Sunday, December 18, 2011

Bongo party claims absolute majority in Gabon election

Bongo party claims absolute majority in Gabon election

President Ali Bongo's Gabonese Democratic Party (PDG) claimed Sunday to have won an comprehensive infancy in ubiquitous elections that were boycotted by many opposition groups and voters.

The celebration had won during slightest 73 of a 120 seats in council and a final sum was approaching go higher, pronounced a PDG source tighten to a interior ministry.

Official formula are approaching "probably Thursday", according to a electoral commission.

In all, 13 antithesis groups urged supporters not to vote. They wanted a supervision to exercise biometric voter confidence measures, such as fingerprinting, as a approach of preventing fraud.

"No biometrics, no transparency, no elections," antithesis groups pronounced in a matter Sunday, and thanked Gabonese electorate for abstaining.

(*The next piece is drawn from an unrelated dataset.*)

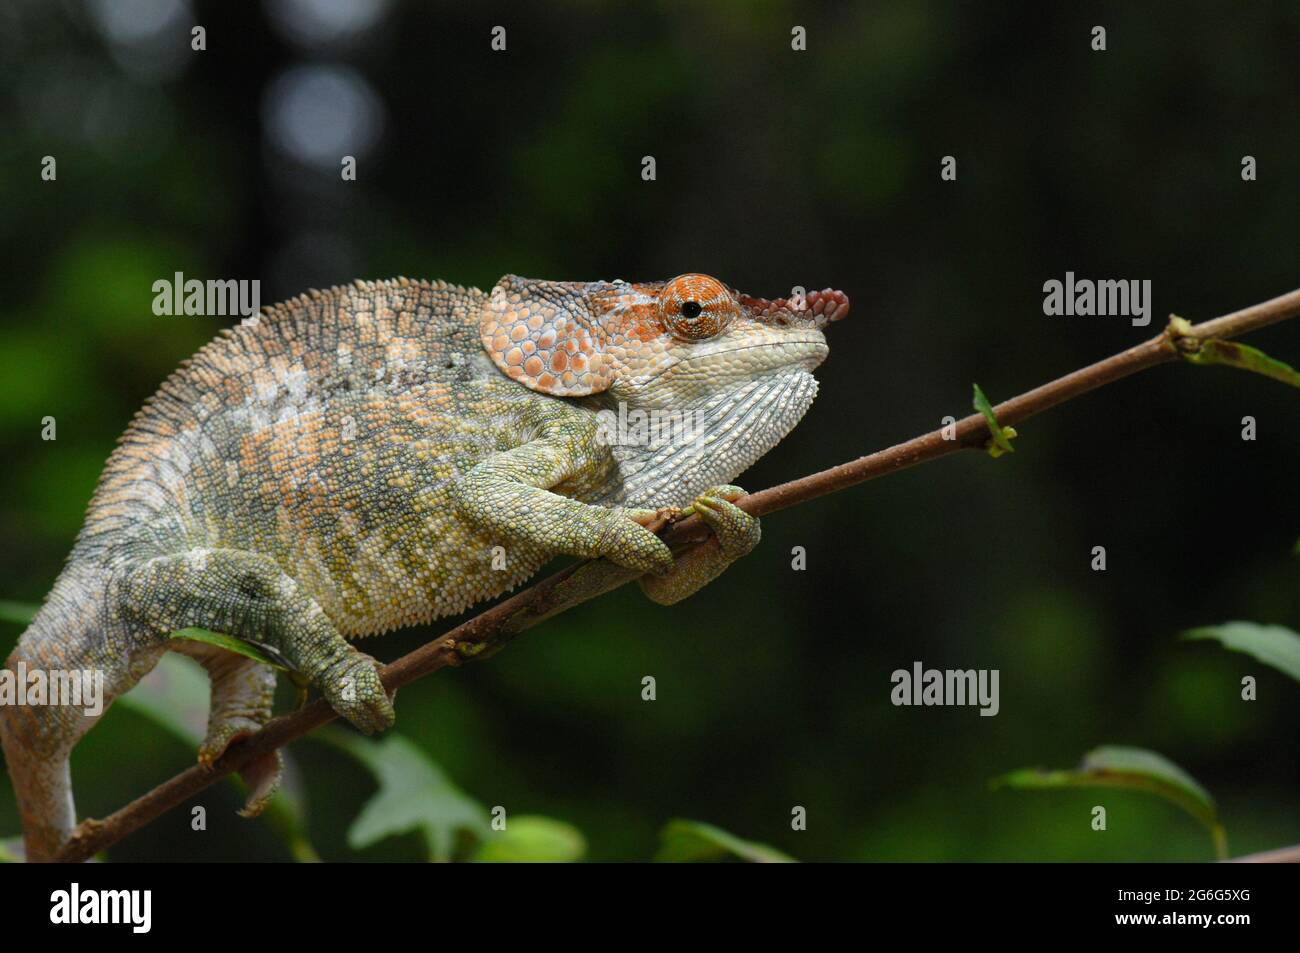 Short-horned chameleon (Calumma brevicorne), on a twig, Madagascar Stock Photo

Official audience numbers were not available, though check officials in a northern city of Medouneu, an antithesis bastion, pronounced a appearance rate during several polling stations hovered between 10 and 40 percent.

At dual voting stations in a collateral Libreville, usually 61 people of 704 registered voters had expel their ballots, election commission central Germaine Mianga said.

Saturday's opinion was a initial parliamentary choosing given Bongo's father Omar died in 2009 after 41 years in power.

Bongo, 52, campaigned on his mercantile achievements and Gabon's co-hosting of a 2012 Africa Cup of Nations with Equatorial Guinea, an eventuality that has spurred vital investment.

Leading antithesis figure Andre Mba Obame was among those propelling people not to vote, claiming Friday a PDG would "stuff list boxes."

A sum of 746,000 people were purebred to opinion in a west African nation of 1.5 million inhabitants -- sub-Saharan Africa's fourth largest oil producer.

Despite a new presentation of a center class, income disparities sojourn huge, with some-more than half of a race vital on reduction than dual dollars (1.5 euros) a day.

Inspired by a Arab Spring and a fibre of criticism movements opposite long-standing rulers in sub-Saharan Africa, Gabon's antithesis primarily looked to mountain a critical challenge, though afterwards separate on a protest issue.

Guy-Bertrand Mapangou, PDG arch of staff, discharged a calls for abstention, observant electorate mostly shunned polls anyway.

"The antithesis thinks that when there is abstention, it's since they've asked people not to vote, though abstention is partial of a march in all elections," Mapangou said.